Often with online bookings, the airlines gather the absolute minimum amount of details they need to sell you a ticket. The more info you have to type in, the more likely you are to abandon the booking process.

But when people call in to book, they are more willing to provide more details when speaking with a human. So your phone agent was able to ask you for more details up front and fill in more blanks in your booking record.

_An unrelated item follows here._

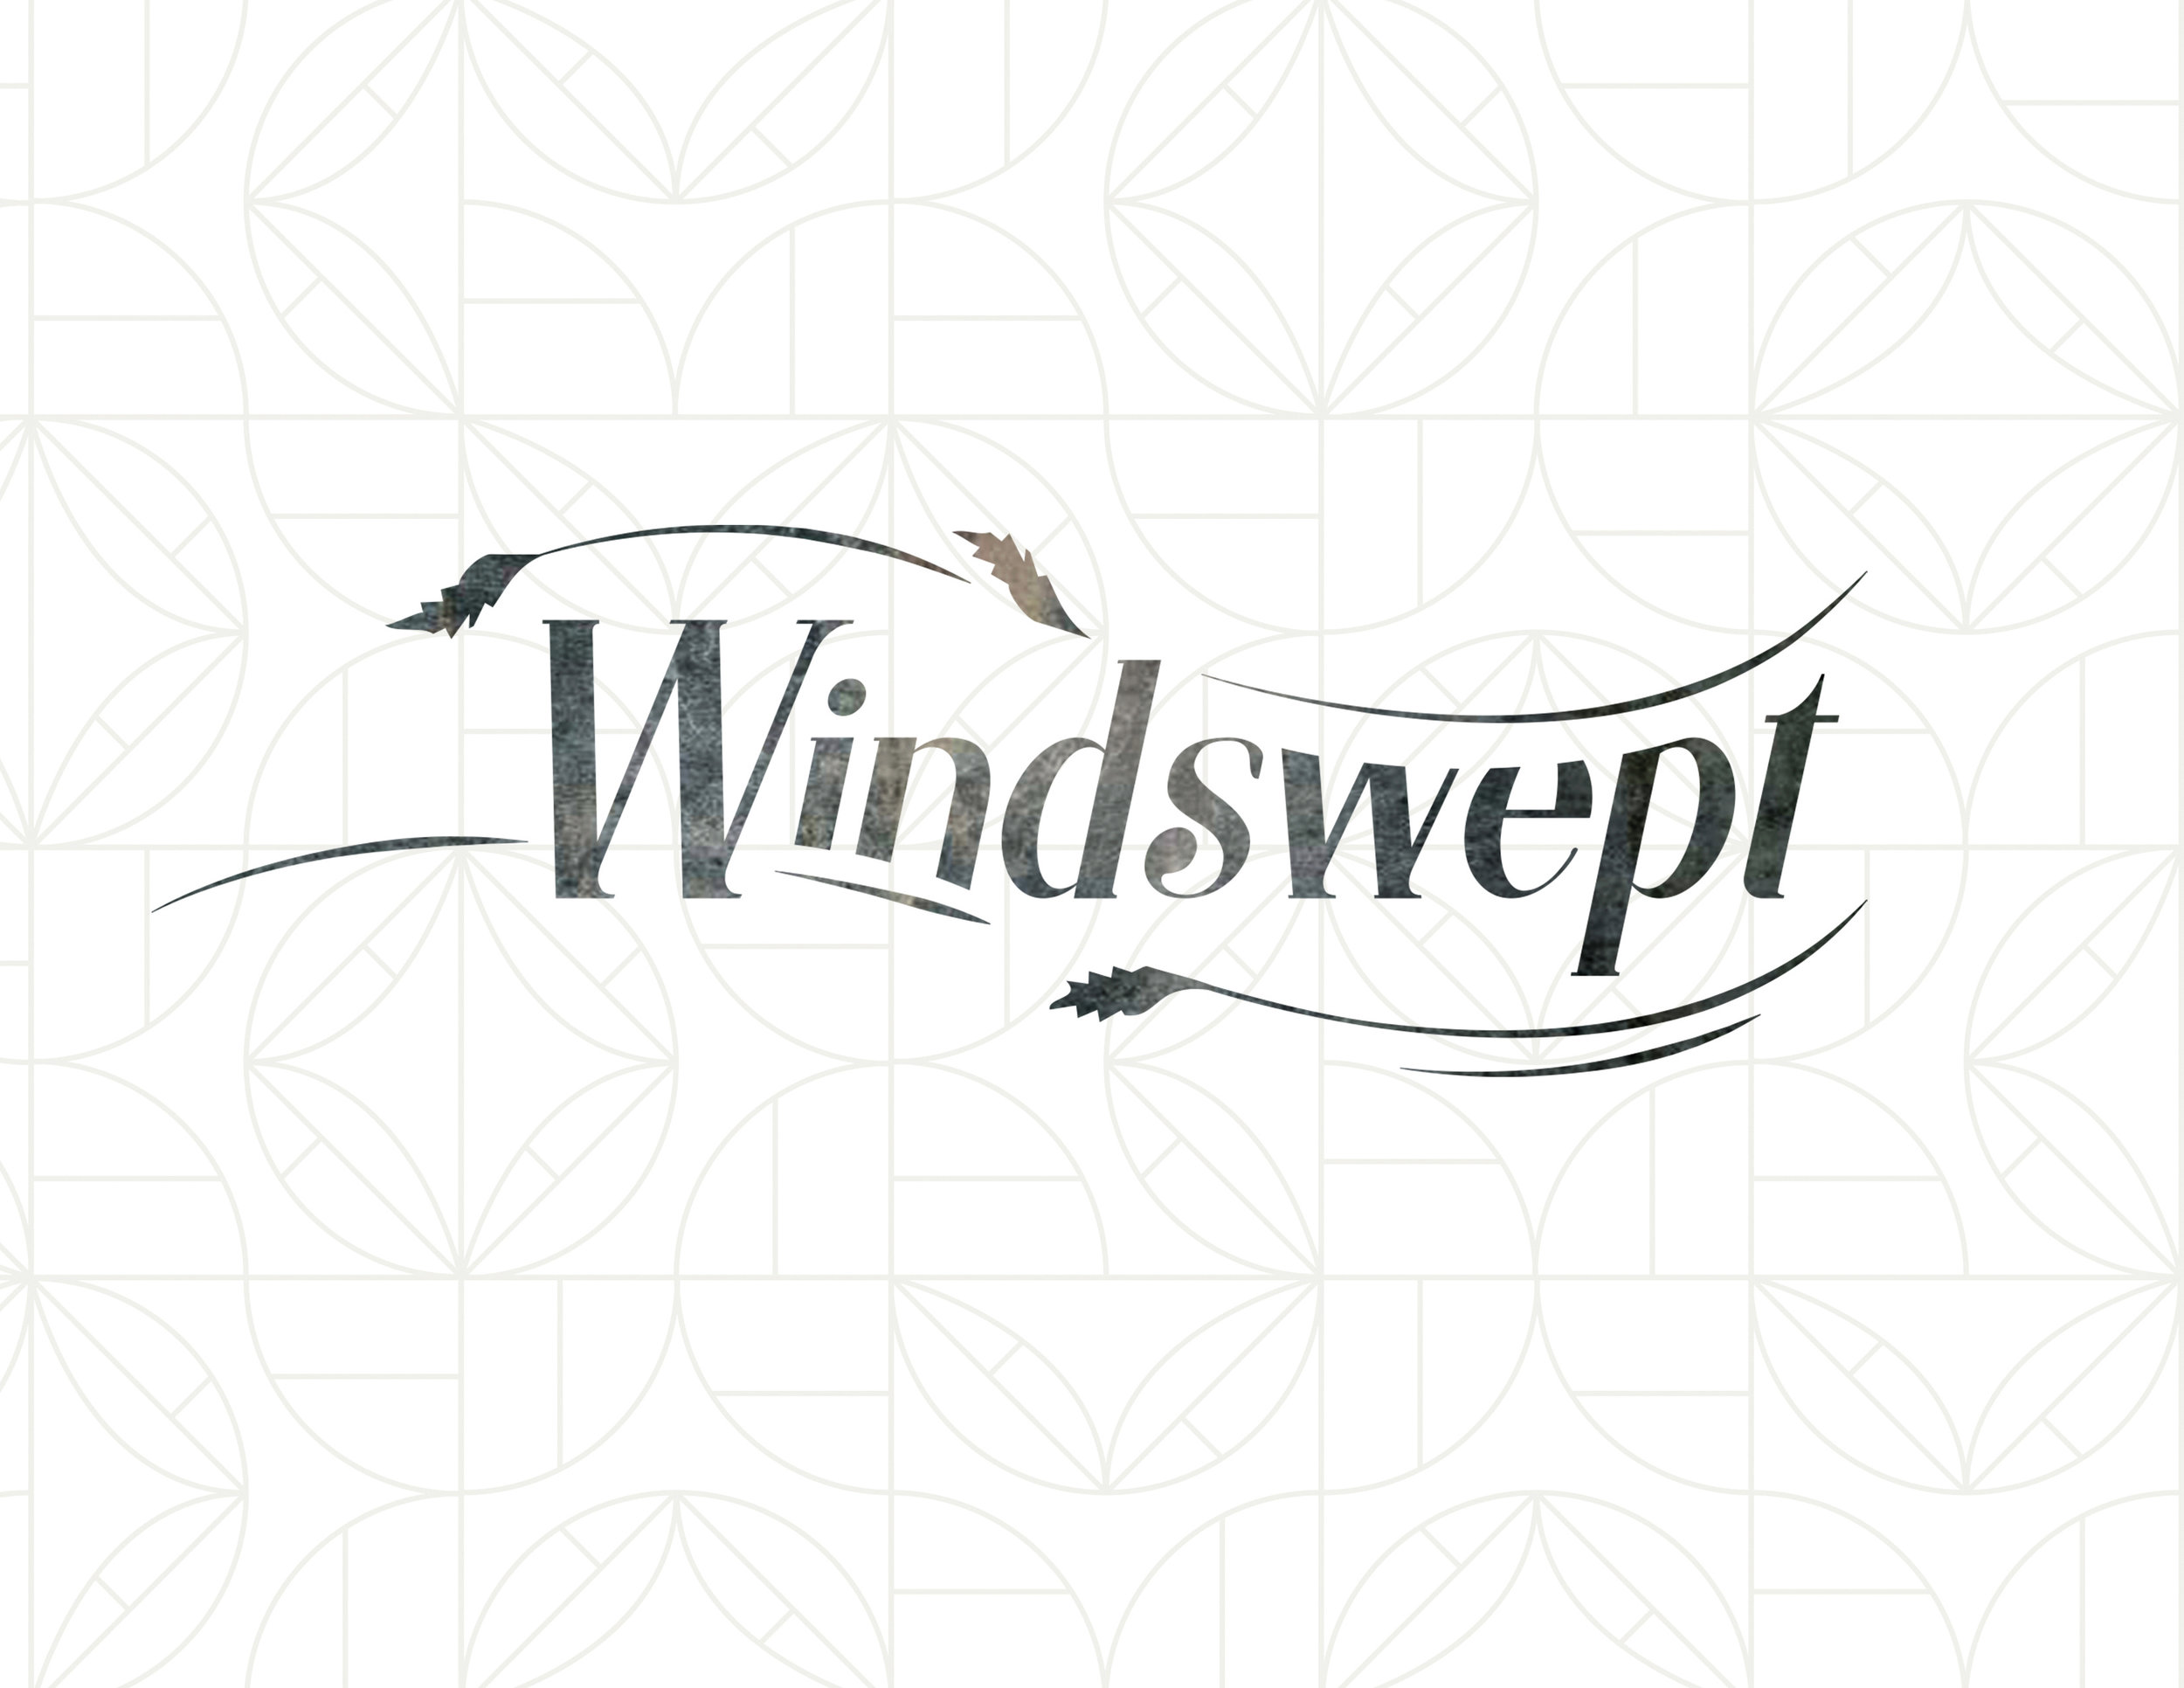 Windswept 1.jpg

  • My most recent experience with APIS was travelling to NZ on Qantas - they don't ask APIS data up front in the booking, but they allow you to enter it via Manage My Booking immediately afterwards. I do wonder what the advantage of doing this is when they don't need to supply the data until immediately before boarding, and they can capture the data completely from the passport MRZ at checkin, so it shouldn't even need to be manually entered by a checkin agent.
    – ajd
    Commented Apr 14, 2015 at 4:20
  • @ajd if your passport details are already in your booking, that is one less thing the check in agent has to deal with. I preload my PP details and often a check in simply show them the passport, no need to scan it or re-enter details.
    – user13044
    Commented Apr 14, 2015 at 4:41
  • Hmm, I suppose I tend to just get my passport scanned so they can pull up my booking and I don't have to bring out my itinerary. I guess this will also become less of an issue as international self check-in becomes increasingly available - the self check-in machines always ask to read the MRZ no matter what.